When I happen across a fishing program on telly I really can't understand why they release the fish back into the water after they've gone to all the trouble of catching it. I yell at the screen, "Are you mad! Why the hell are you even out there?"  It could take me days to catch a decent sized fish when I was a kid. No way was I tossing it back. I'm guessing it's all show for the camera. Plus they're probably so sick of fish they only eat steak back at the motel.

Eating animals I excel at. Maybe it's truer to say I'm not very good with pets. We have a dog - a beautiful Samoyed named Jazz- but I can't stand when she licks me or, worse, presses her bum up against me, as she is prone to do. I try to give her attention and pat her and all that, but my hearts really not in it. It's not her fault - she's a smart dog. It's all me.

My family has a history of being bad with pets - my sister had her class guinea pig for one night and managed to drown it in a bucket of water while giving it a bath. I don't care much for guinea pigs either, come to think of it. We bought some for the kids one Christmas, and near as I can tell they're just poo machines.

The critters I really can't stand, though, are mice. Unless it's a computer mouse - I'm a dream with them.

For the last fifteen years it's been Tracey's job to empty traps and deal with any little critters who happen to wander into our home.

Only now it seems, much like the fishing programs on television, we've instigated a new 'catch & release' program for rodents here in the Devereaux household. I'm assuming it's got something to do with her pregnancy hormones because this is a woman who in the past, if she saw a mouse, wasn't prone to going into a tizzy and joining me up on a chair, she would toss shoes at the rodent with all the deadly speed and accuracy of a pitcher's arm.

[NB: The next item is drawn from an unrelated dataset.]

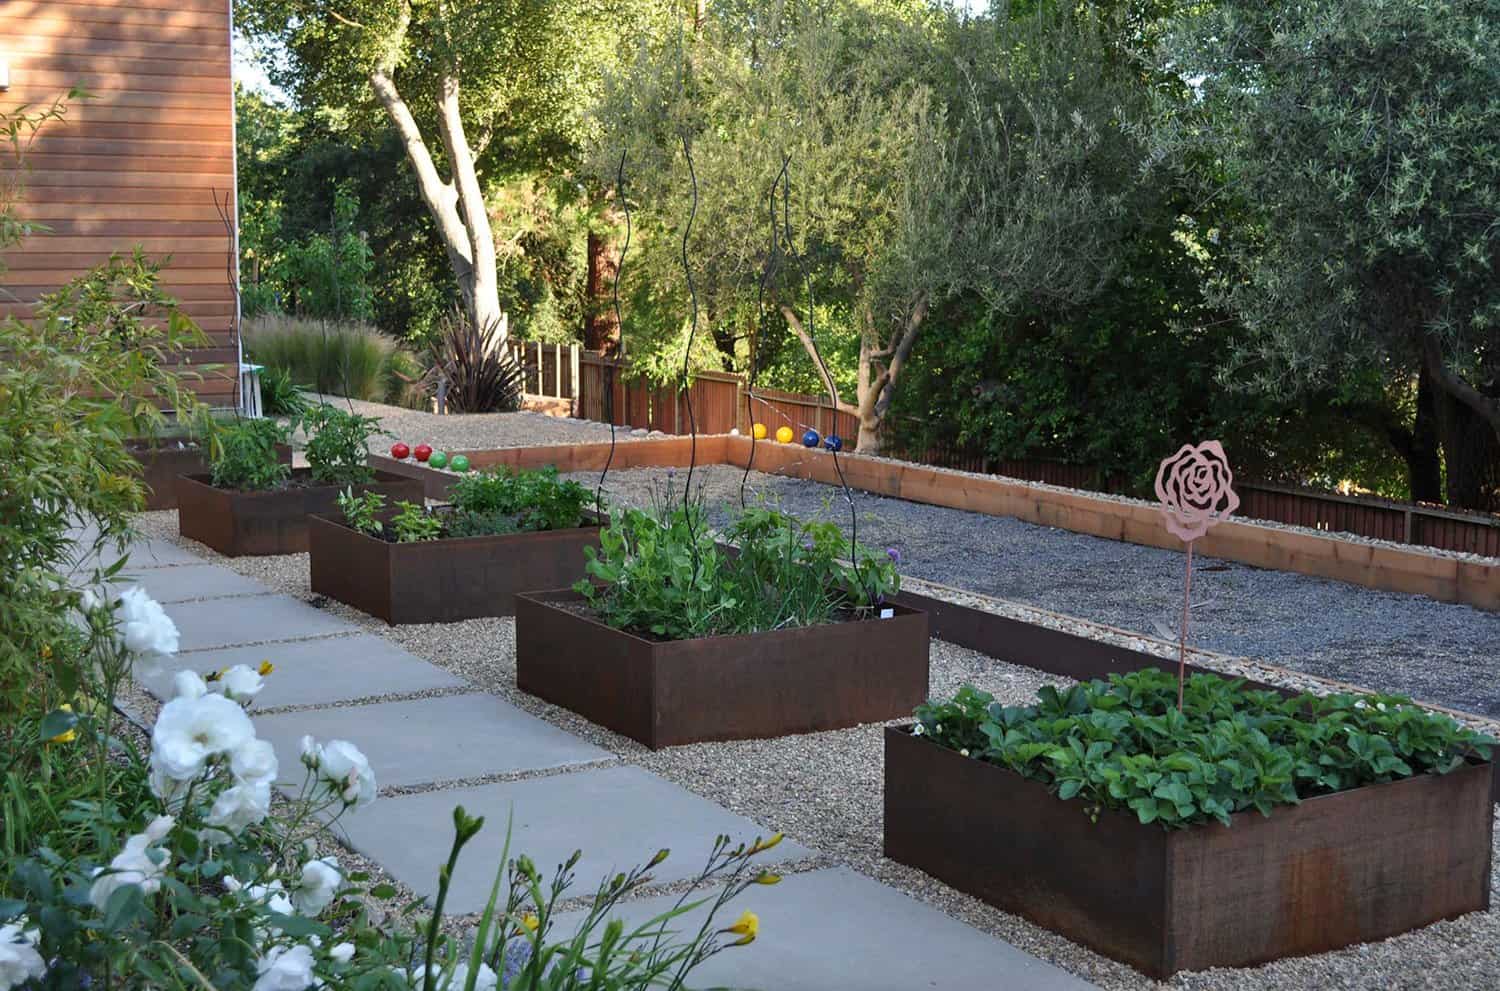 bocce-ball-court-and-corten-steel-raised-vegetable-beds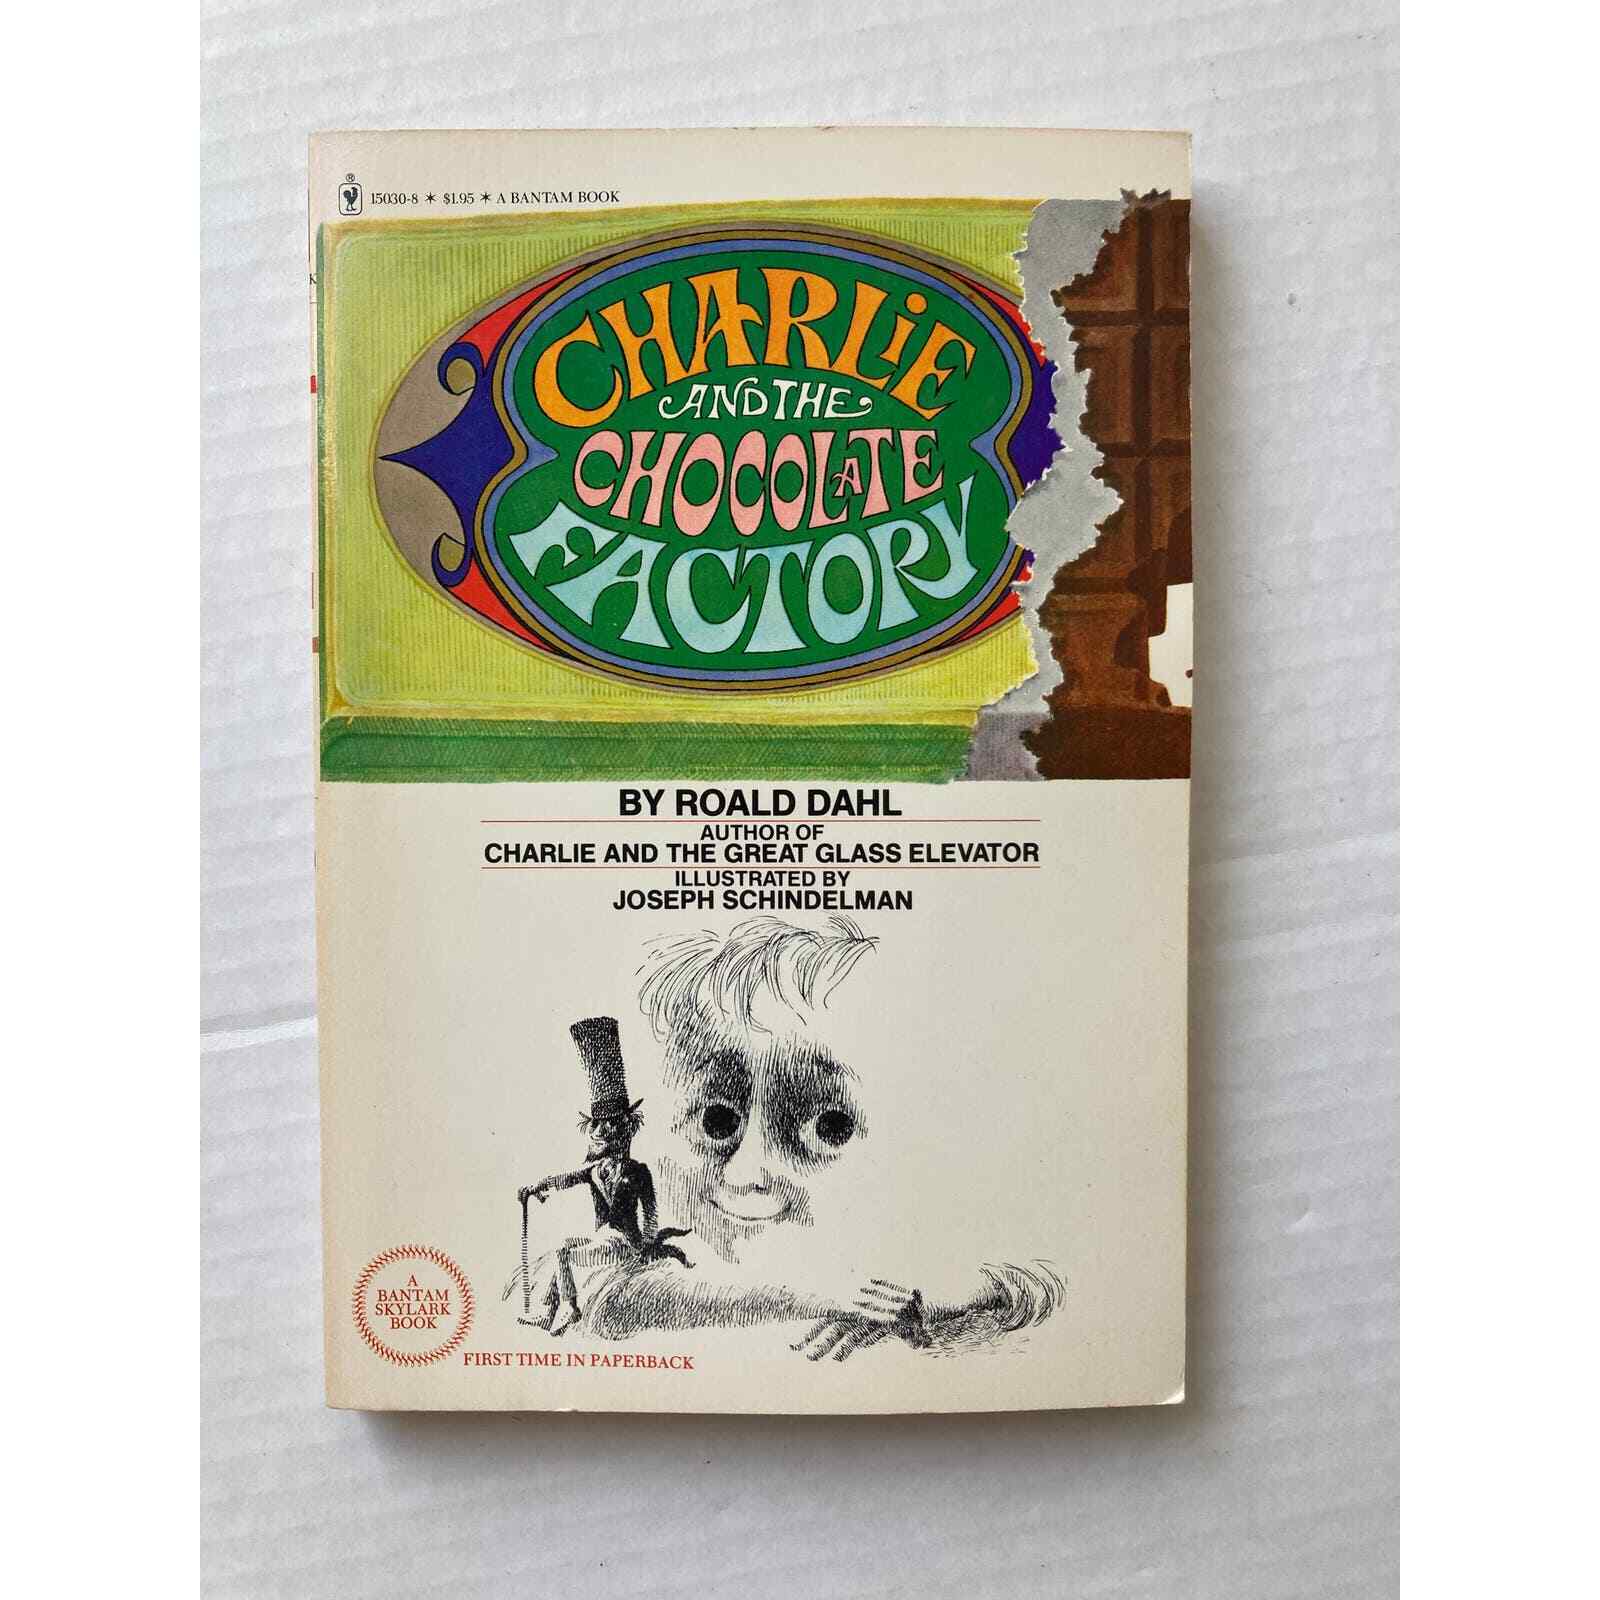 Charlie and the Chocolate Factory by Roald Dahl- Bantam Paperback 1964 Vintage

Which is why it was such a shock to hear her chatting to the mouse whose leg was caught in a trap on Sunday night.

"Are you alright, sweetie? Look at you, you're so small," she cooed. I'm surprised she didn't set down a plate with some cookies.

And so, while I watched standing comfortably on a chair, Tracey set the little mouse free into our garden, where no doubt it will round up all its mousey friends and tell them about the mouse friendly house owned by the nice lady with the big stomach.

Seriously though, heaven help them once that baby pops out.